You can copy and paste the following lines as samples (feel free to try some of your own, but keep in mind they might not parse if the grok filter is not correct for your data):

Dec 23 12:11:43 louis postfix/smtpd[31499]: connect from unknown[95.75.93.154]
Dec 23 14:42:56 louis named[16000]: client 199.48.164.7#64817: query (cache) 'amsterdamboothuren.com/MX/IN' denied
Dec 23 14:30:01 louis CRON[619]: (www-data) CMD (php /usr/share/cacti/site/poller.php >/dev/null 2>/var/log/cacti/poller-error.log)
Dec 22 18:28:06 louis rsyslogd: [origin software="rsyslogd" swVersion="4.2.0" x-pid="2253" x-info="http://www.rsyslog.com"] rsyslogd was HUPed, type 'lightweight'.

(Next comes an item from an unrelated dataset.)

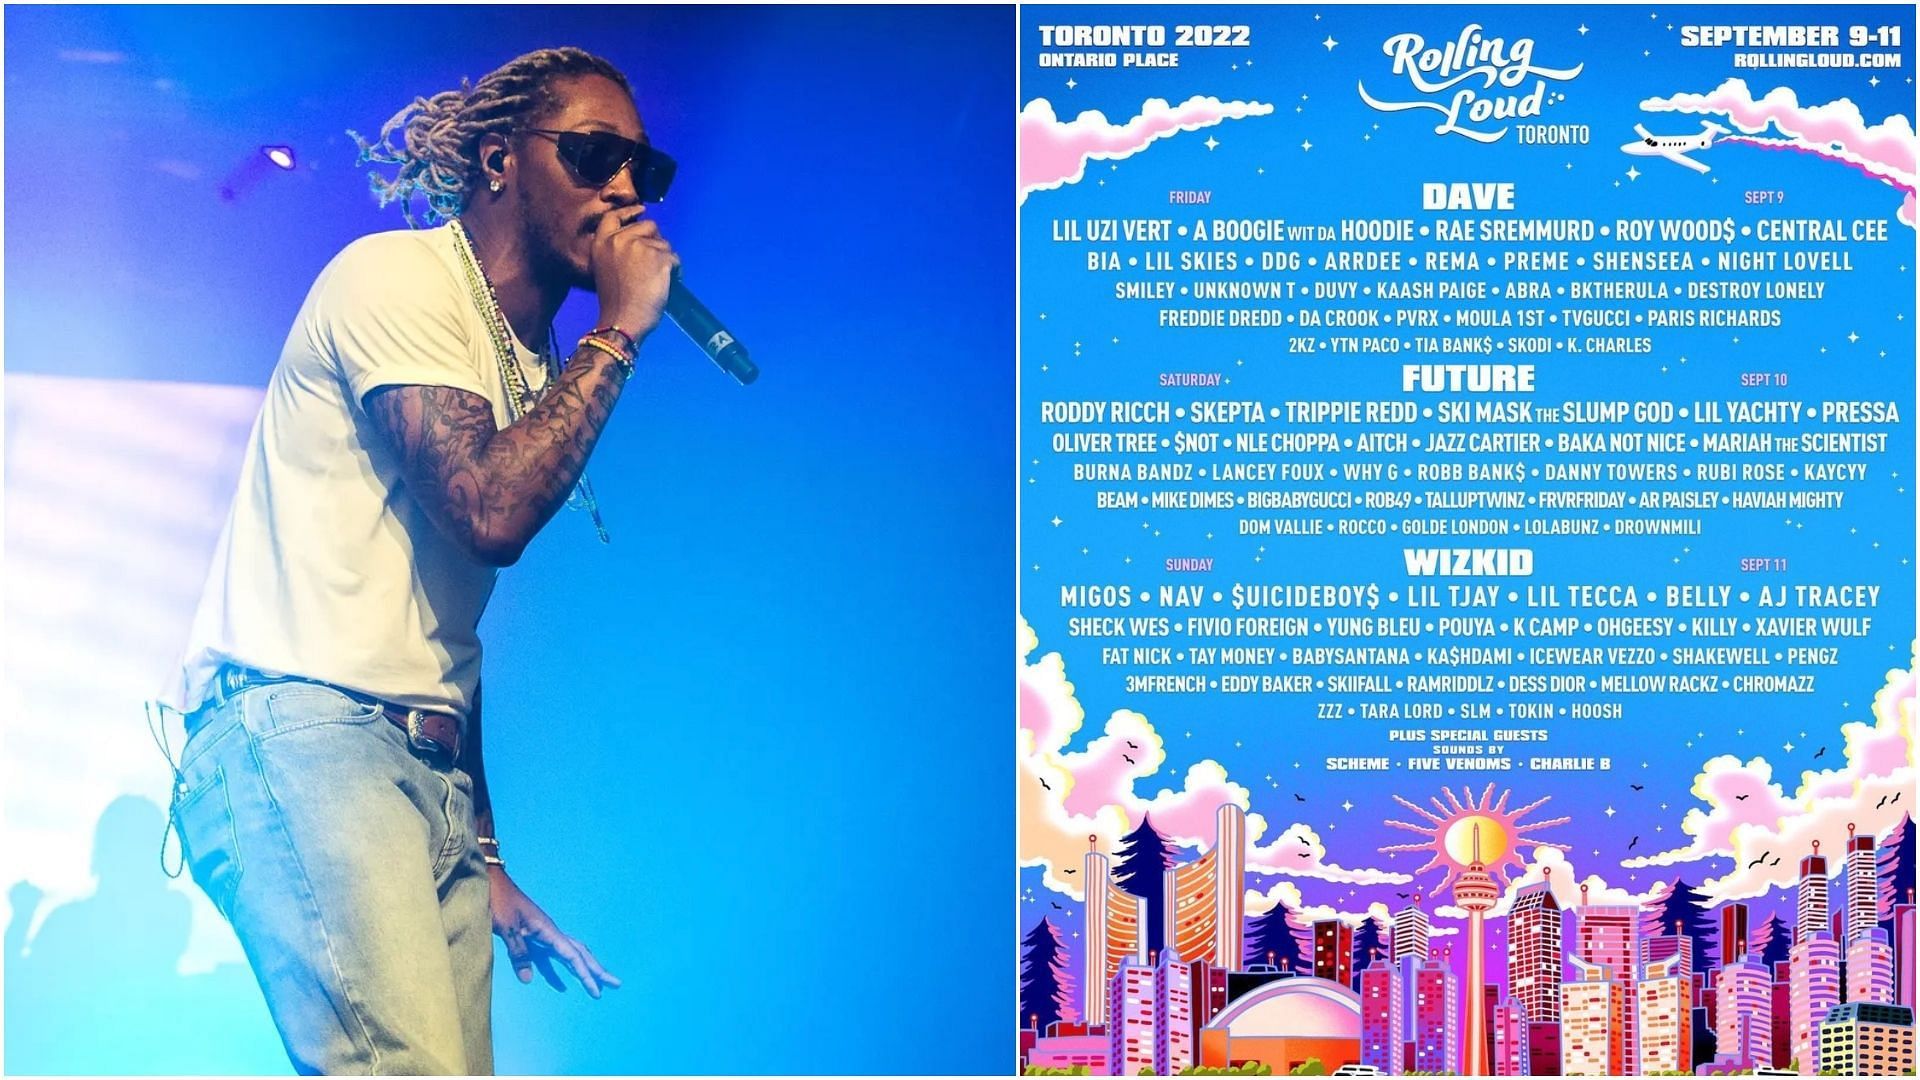 Rolling Loud Toronto 2022 Lineup, tickets, where to buy, dates and more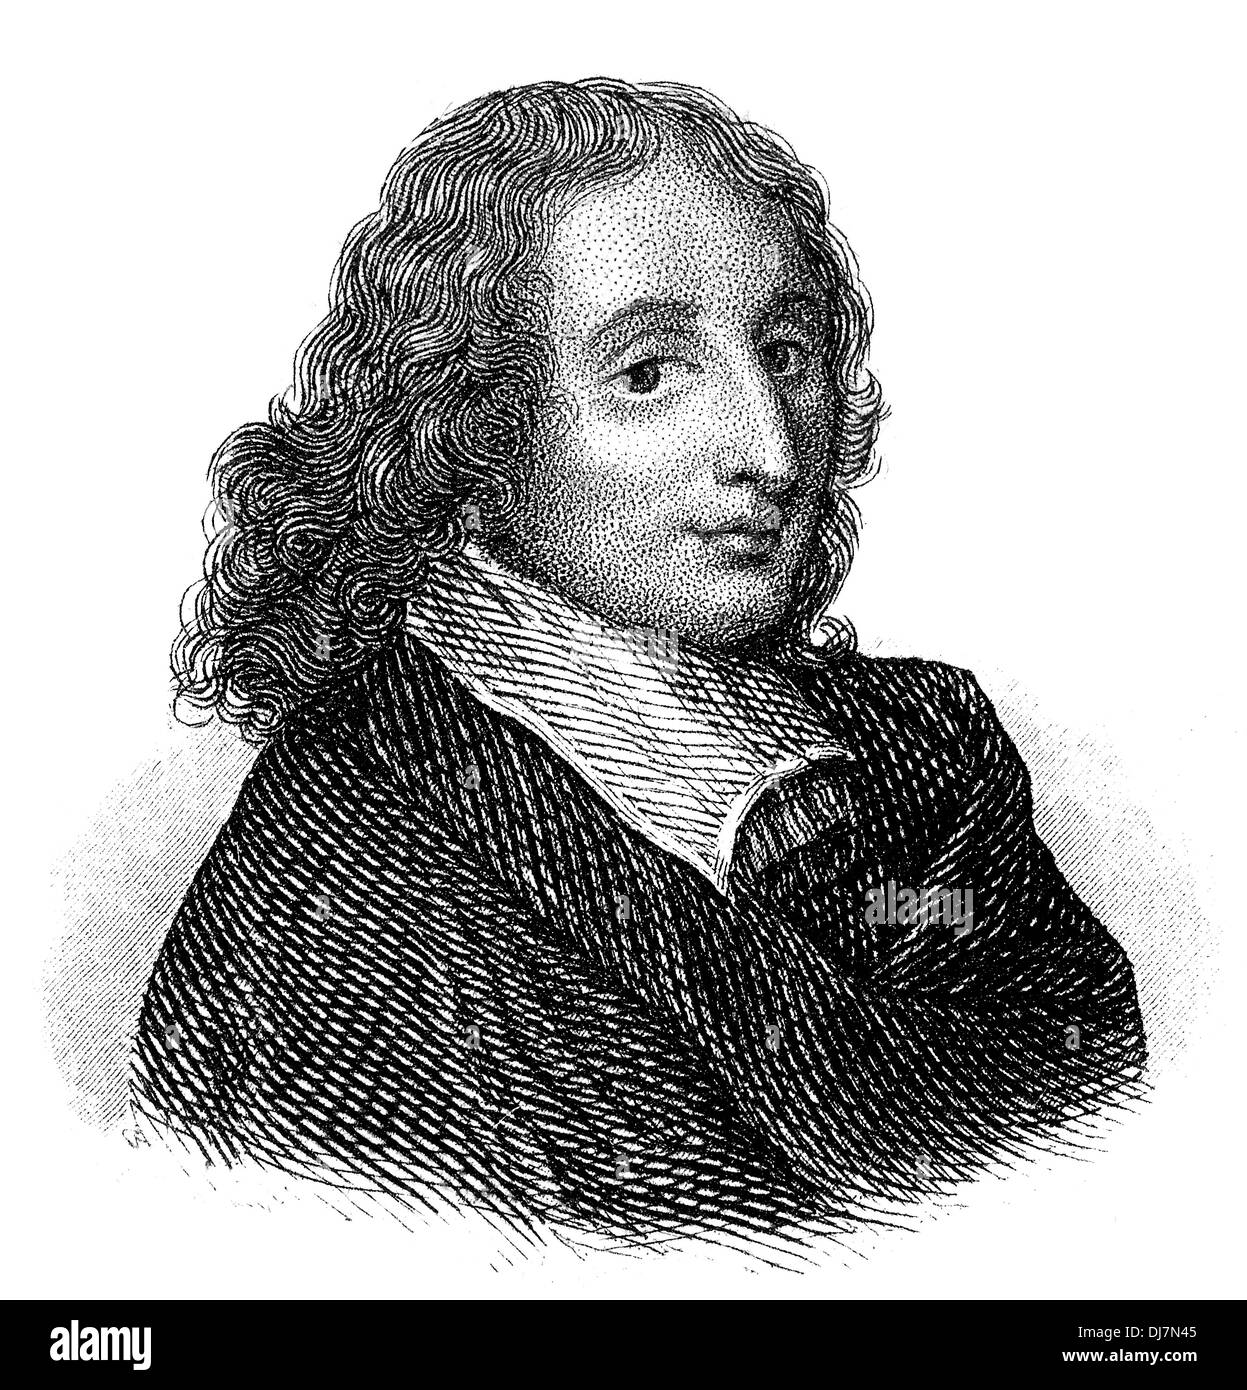 Portrait of Blaise Pascal, 1623 - 1662, a French mathematician, physicist, philosopher, writer and Catholic philosopher, Stock Photo

Now you should see the output of Logstash in your original shell as it processes and parses messages!

{
                 "message" => "Dec 23 14:30:01 louis CRON[619]: (www-data) CMD (php /usr/share/cacti/site/poller.php >/dev/null 2>/var/log/cacti/poller-error.log)",
              "@timestamp" => "2013-12-23T22:30:01.000Z",
                "@version" => "1",
                    "type" => "syslog",
                    "host" => "0:0:0:0:0:0:0:1:52617",
        "syslog_timestamp" => "Dec 23 14:30:01",
         "syslog_hostname" => "louis",
          "syslog_program" => "CRON",
              "syslog_pid" => "619",
          "syslog_message" => "(www-data) CMD (php /usr/share/cacti/site/poller.php >/dev/null 2>/var/log/cacti/poller-error.log)",
             "received_at" => "2013-12-23 22:49:22 UTC",
           "received_from" => "0:0:0:0:0:0:0:1:52617",
    "syslog_severity_code" => 5,
    "syslog_facility_code" => 1,
         "syslog_facility" => "user-level",
         "syslog_severity" => "notice"
}

Congratulations! You’re well on your way to being a real Logstash power user. You should be comfortable configuring, running and sending events to Logstash, but there’s much more to explore.